In February 2026, a paper from Google titled "Think Deep, Not Just Long" offered a more fundamental solution.
Simply put, to see if a model's thinking is useful, you need to see how deep its thinking is.
01 More is not necessarily better
The advent of Chain-of-Thought actually predates GPT. In 2022, two papers published by Google researchers almost simultaneously established CoT as the paradigm for reasoning. The first paper, "Chain-of-Thought Prompting," demonstrated that by adding reasoning chains to few-shot examples, large models could achieve significant improvements in tasks such as arithmetic, common sense, and symbolic reasoning. Under certain settings, accuracy could jump from near zero to over 60%. The second paper, "Zero-shot CoT," proposed the well-known "Let's think step by step." Adding it after "Prompt" activates the model's multi-step reasoning capabilities.
These two findings quickly became industry consensus, and almost all applications requiring complex reasoning began to enable CoT by default. Researchers naturally assumed that since CoT was effective, longer CoTs should be even more effective.
From 2023 to the first half of 2024, much work revolved around how to enable models to generate longer and more refined inference chains. Some methods induced more detailed decompositions through cue engineering, others rewarded longer CoT flows through reinforcement learning, and still others distilled the long inference chains generated by large models into smaller models during training. This pursuit of length reached its peak with the release of O1, which led to the test-time compute revolution, the core of which was to generate longer internal thinking during inference.
Problem discovered
But in the summer of 2024, six months before O1, researchers from different institutions began to question the validity of these ideas.
For example, a team at Stanford University, while analyzing the reasoning behavior of o1 and Claude, noticed that for simple elementary arithmetic problems, these models often generate hundreds or even thousands of tokens of reasoning text, but most of them are repeated verifications, self-doubt, and attempts at multiple solutions, while humans can solve these problems in just two or three mental calculations.
When they manually shortened these lengthy inferences, the accuracy of the answers did not decrease; in fact, it sometimes increased slightly.
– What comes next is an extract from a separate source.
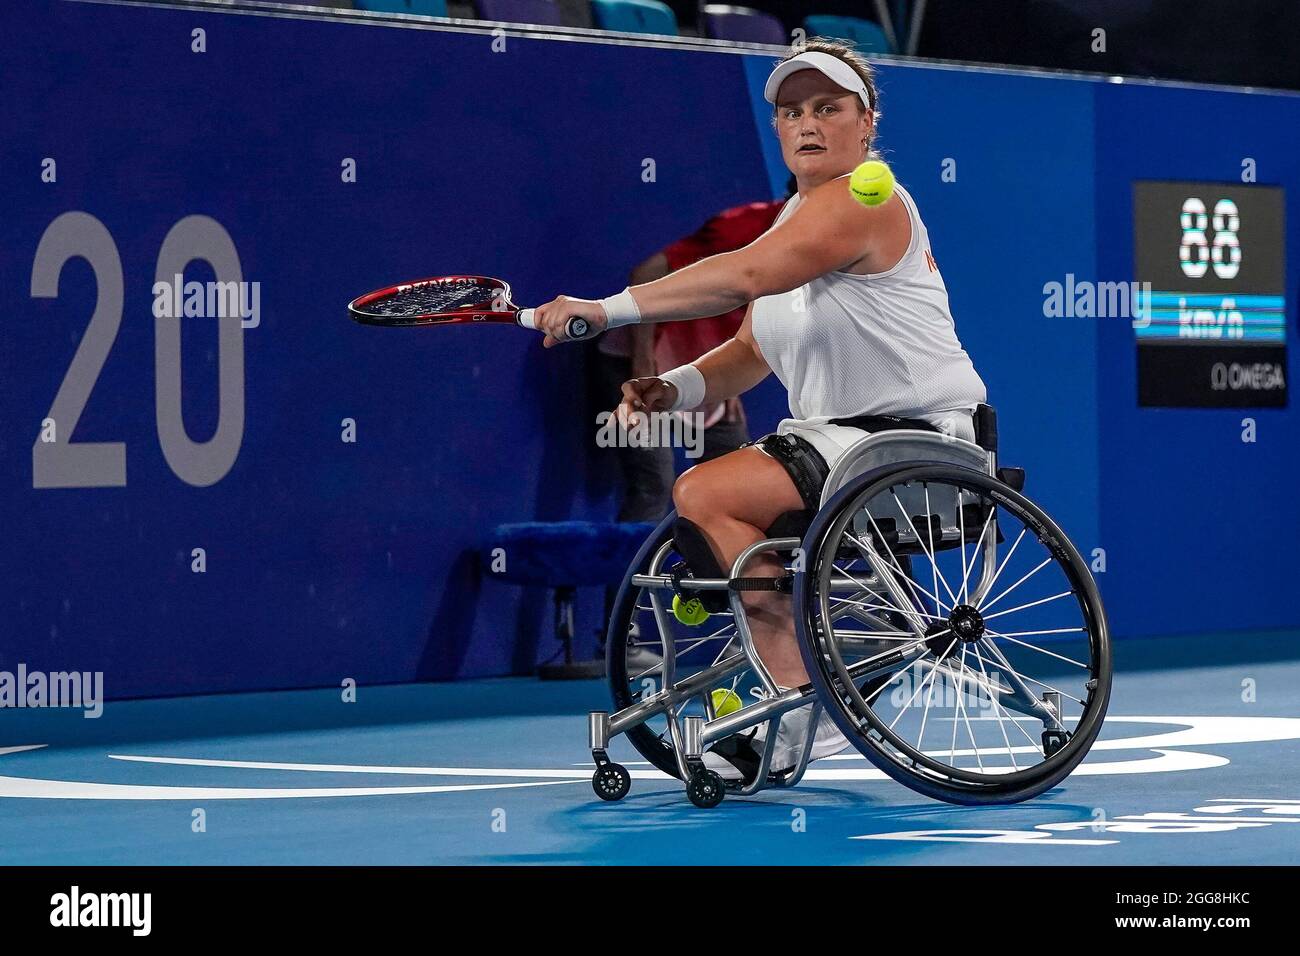 TOKYO, JAPAN - AUGUST 30: Aniek van Kooten of The Netherlands competing  against Emmanuelle Morch of France on Wheelchair Tennis Singles Second  Round during the Tokyo 2020 Paralympic Games at Ariake Tennis

This suggests that the model may not actually need that much thinking; it is simply driven by post-training rewards to continuously generate new ideas.
In May 2025, a paper titled "When More is Less" provided a more precise characterization of this phenomenon. Using controlled experiments, they constructed inference chains of varying lengths and plotted length-accuracy curves on tasks with varying difficulty levels. They found that the relationship between the length of the inference chain and the accuracy of the final result is actually an inverted U-shaped curve.
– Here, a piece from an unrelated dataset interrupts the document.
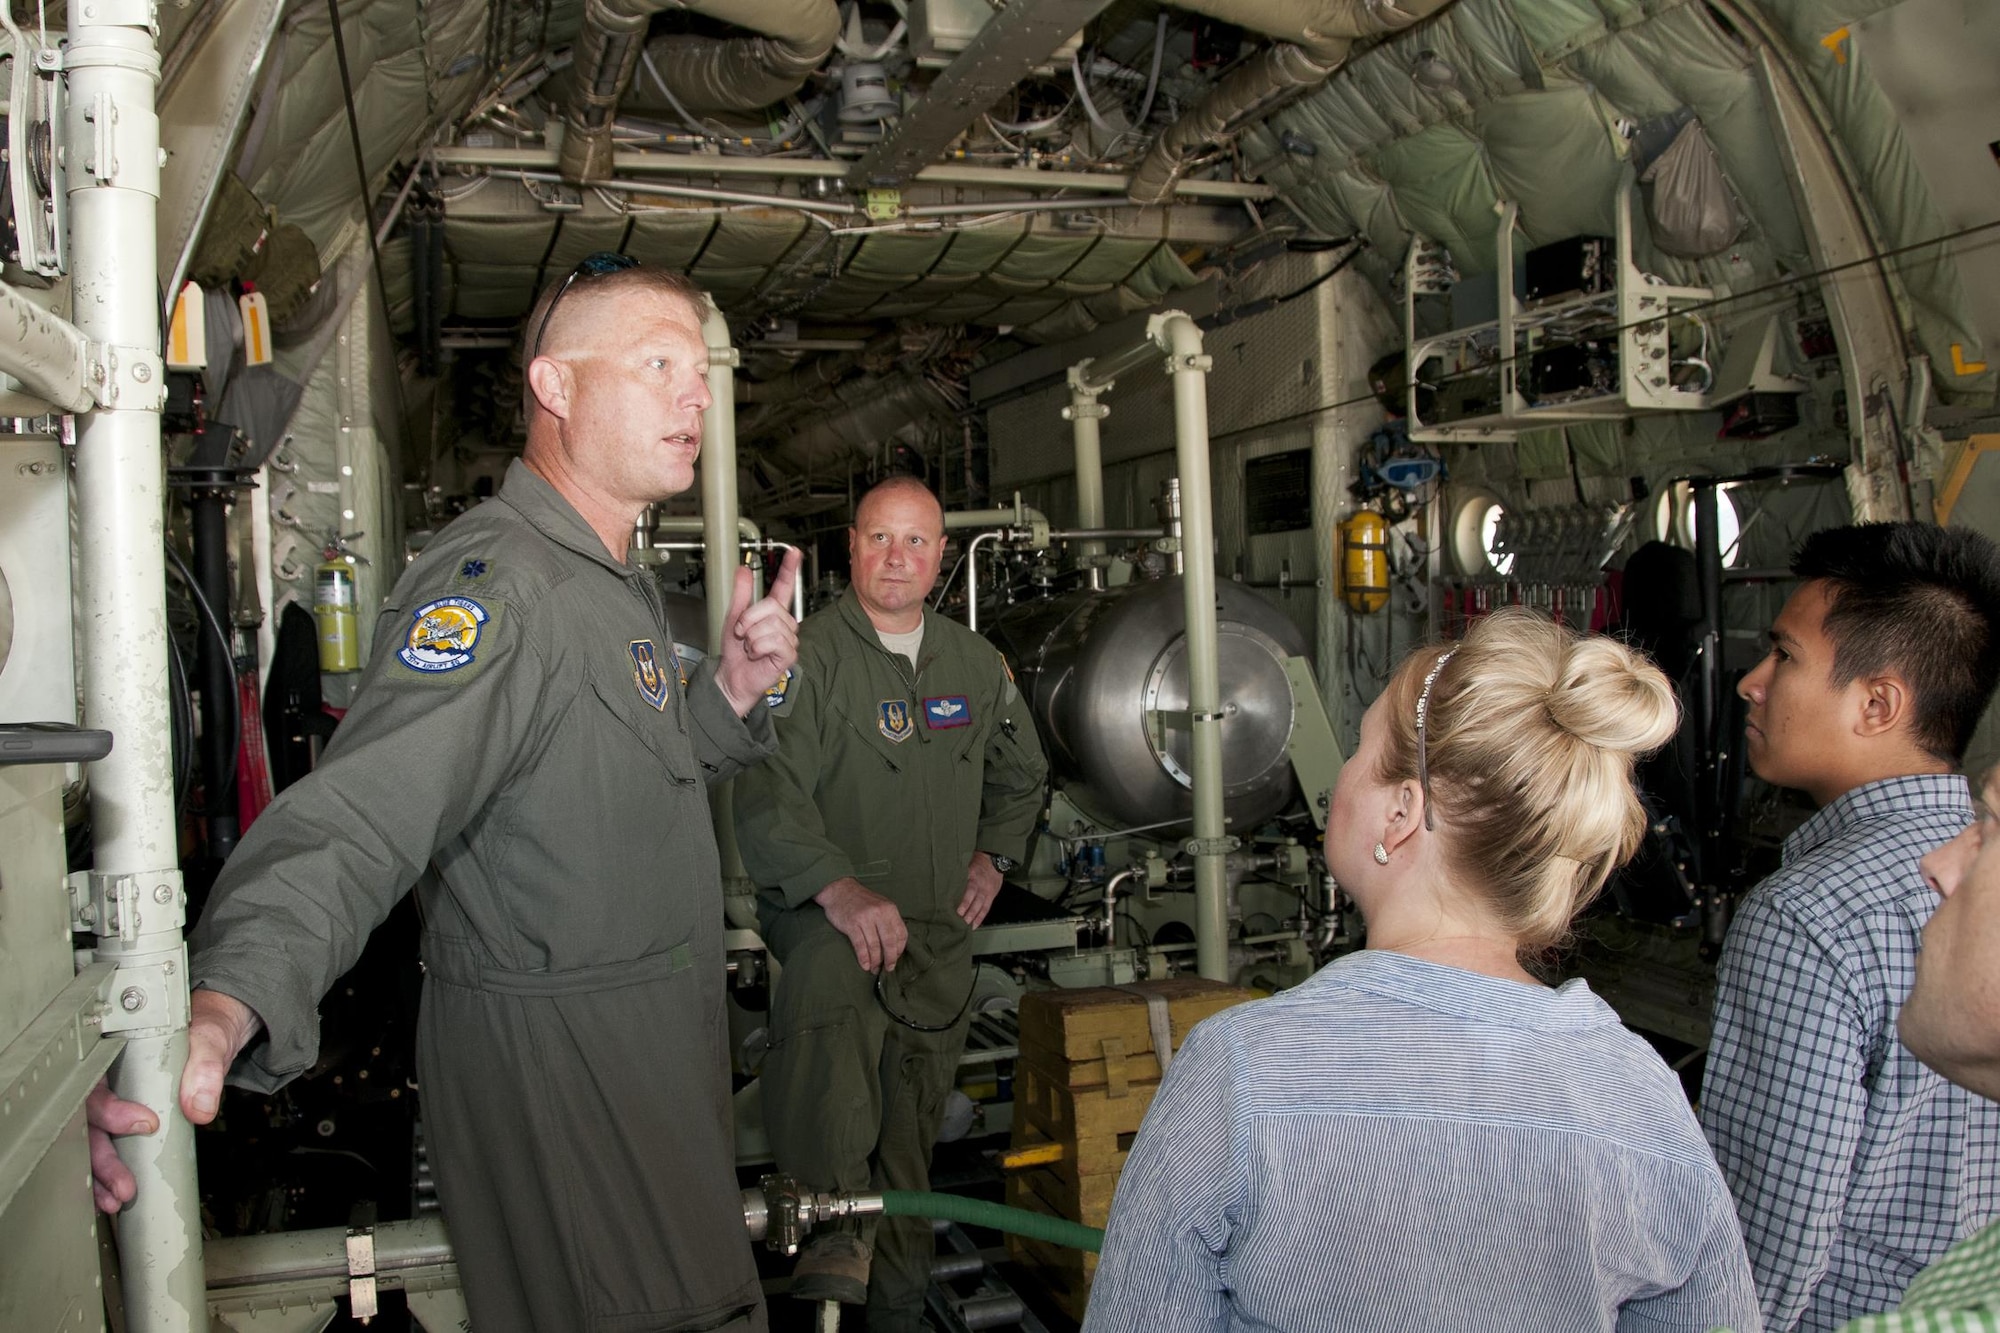 Lieutenant Col. Karl Haagsma, 757th Airlift Squadron medical entomologist, discusses his unit’s mission with congressional staff members on the Joint Base Andrews, Md., flight line June 28, 2016. In honor of the 100th anniversary of air reserve power, members of the 53d WRS visited Andrews to participate in a C-130 Hercules special-missions demonstration. The 757th AS has the specialized mission of aerial spray capability to control disease-carrying insects, pest insects, undesirable vegetation and to disperse oil spills in large bodies of water. (U.S. Air Force photo/Staff Sgt. Kat Justen)

Adding more steps within the range not exceeding the peak of U does help, but beyond this range, accuracy begins to decline monotonically. Furthermore, this optimal length varies with task difficulty and model capability. For more difficult problems, the optimal length shifts to the right; however, for more capable models, the optimal length shifts to the left, suggesting that more powerful models are better at knowing when to stop.
The authors of the paper call this phenomenon "simplicity bias." Once the model has grasped the essence of the problem, continuing to generate more tokens only accumulates noise and interference. Once a certain critical point is exceeded, the model falls into a quagmire called "overthinking." In this inverse scaling range, the extra tokens you buy with real money not only fail to increase intelligence but actually reduce accuracy.
Anatomy of COT
So, where exactly did all these super long tokens, often tens of thousands of words long, go?
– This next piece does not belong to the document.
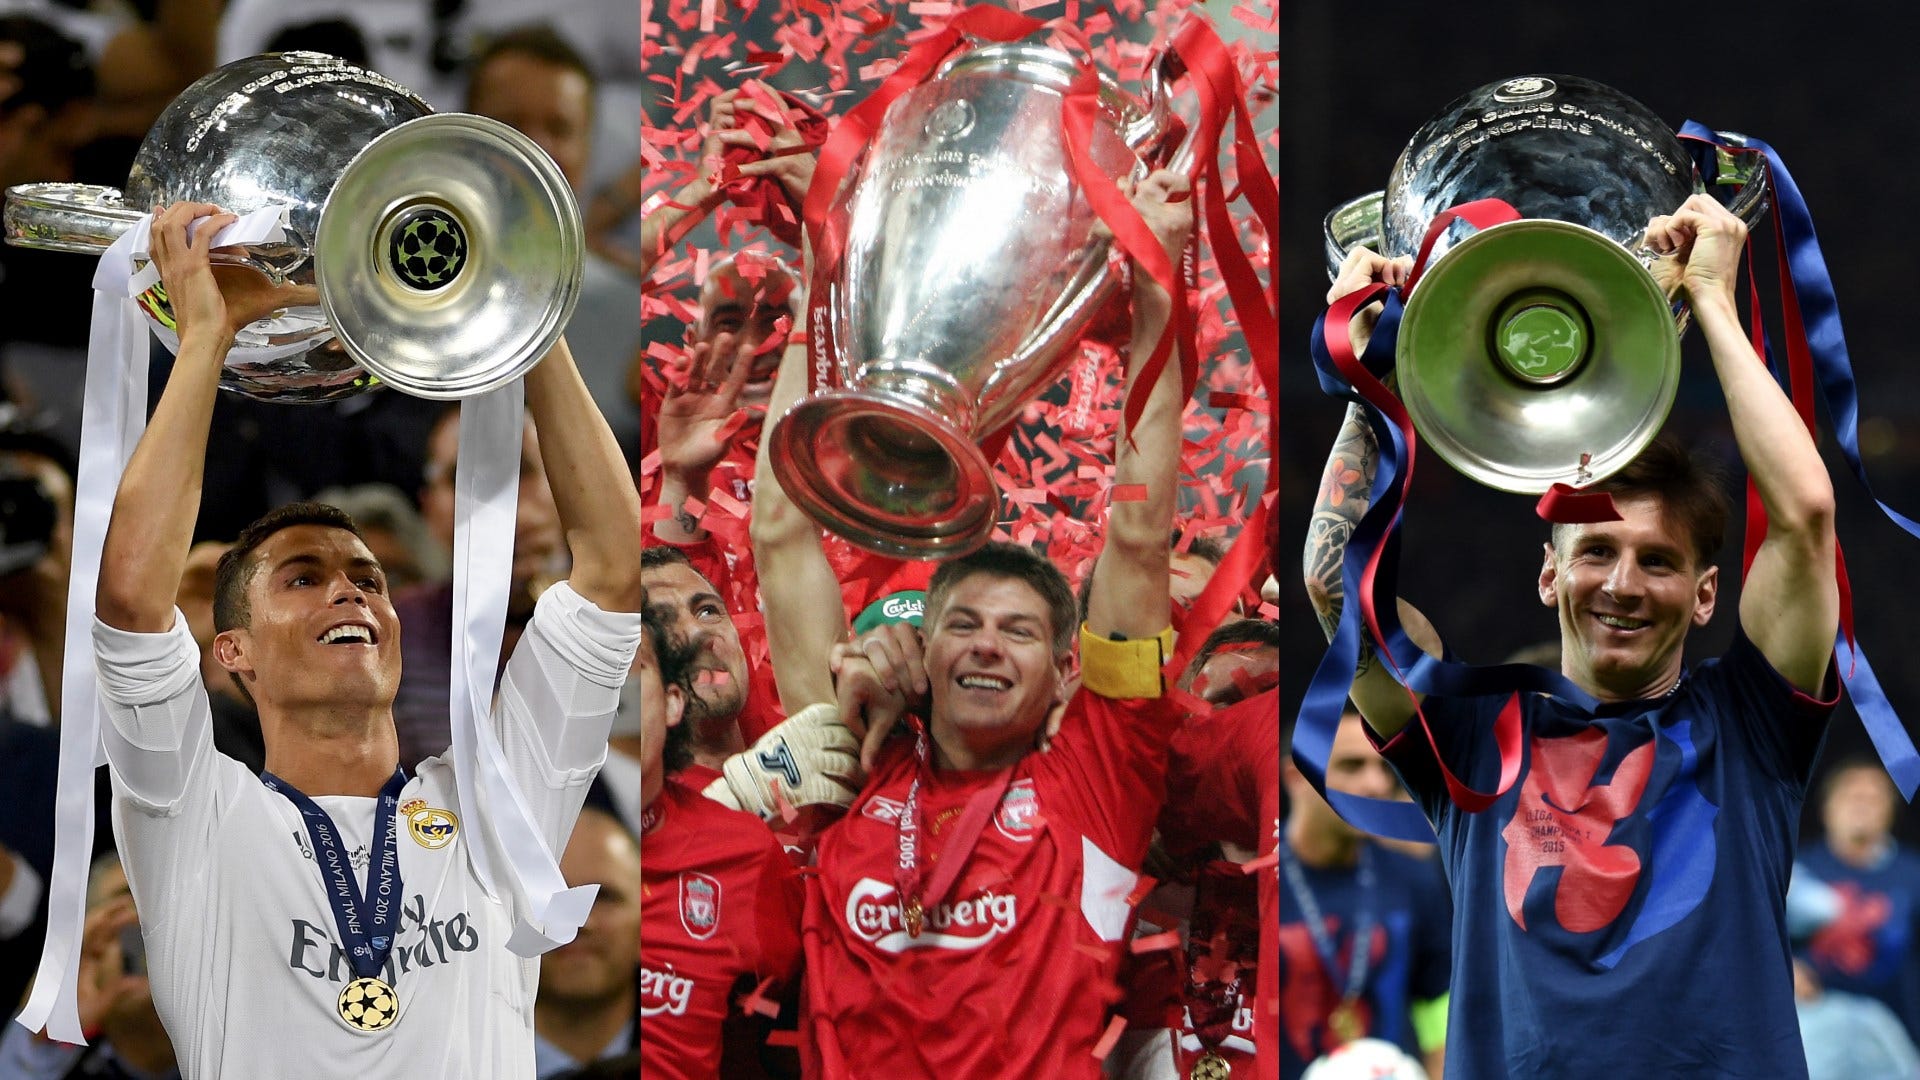 RANKED! The 25 best Champions League games of all time

There are three main patterns in the formation of long reasoning chains, and all of them encounter the problem of overthinking.
The first type is linear expansion. The model progresses step by step, generating new intermediate results at each step, much like sketching. This is the most classic CoT form. The overthinking problem here mainly stems from the model often not knowing when to stop. It continues to verify the calculation even after finding the answer, or repeatedly solves the same problem using three different methods.
The second approach is the reflection cycle. After generating an initial answer, the model triggers a self-questioning mechanism, continuously generating self-correcting text. This is indeed valuable for complex problems, but reflecting on simple problems becomes overthinking.
The third method is multi-path sampling. To improve robustness, the system generates a dozen or even dozens of different inference paths, and finally selects the most consistent answer through voting. This method is indeed effective when solving particularly complex problems, but at the cost of exponentially increasing costs. Moreover, a considerable portion of these candidate inference paths are unreliable, and failing to effectively eliminate them leads to overthinking.
In analyzing the right half of the inverted U-shaped curve, the authors of *When More is Less* found that over 90% of the samples with decreased accuracy contained a large amount of repeated validation and invalid reflection. This means that the essence of overthinking is the desire for repetition. Even when the model already knows the answer, the training mechanism drives it to continuously generate variations and confirmations, and this redundancy is the culprit dragging down accuracy.
Only by understanding these three mechanisms and their loss-of-control modes can we design targeted control strategies.
An attempt to control the length
By mid-2025, academia and industry had reached a consensus on overthinking. The question began to shift from "whether overthinking exists" to "how to accurately identify and control it."
The most direct approach is to set hard limits. For example, methods like Token-Budget-Aware LLM Reasoning explicitly tell the model "you only have this many words to use" in the prompts, forcing it to be concise. However, this simplistic approach has a fatal flaw: it fails to solve the difficult problem.
A better solution is to allow the system to dynamically determine when to stop. The method proposed in *REFRAIN: Reasoning Efficiency via Fine-grained Reflection and Adaptive Inference* involves monitoring redundancy signals in real time during inference. When the model starts repeatedly validating, getting stuck in a cycle of reflection, or falling into a loop of self-doubt, the system will decisively stop. This stopping strategy can reduce token consumption by 20% to 55% without modifying the model itself, while maintaining or even improving accuracy.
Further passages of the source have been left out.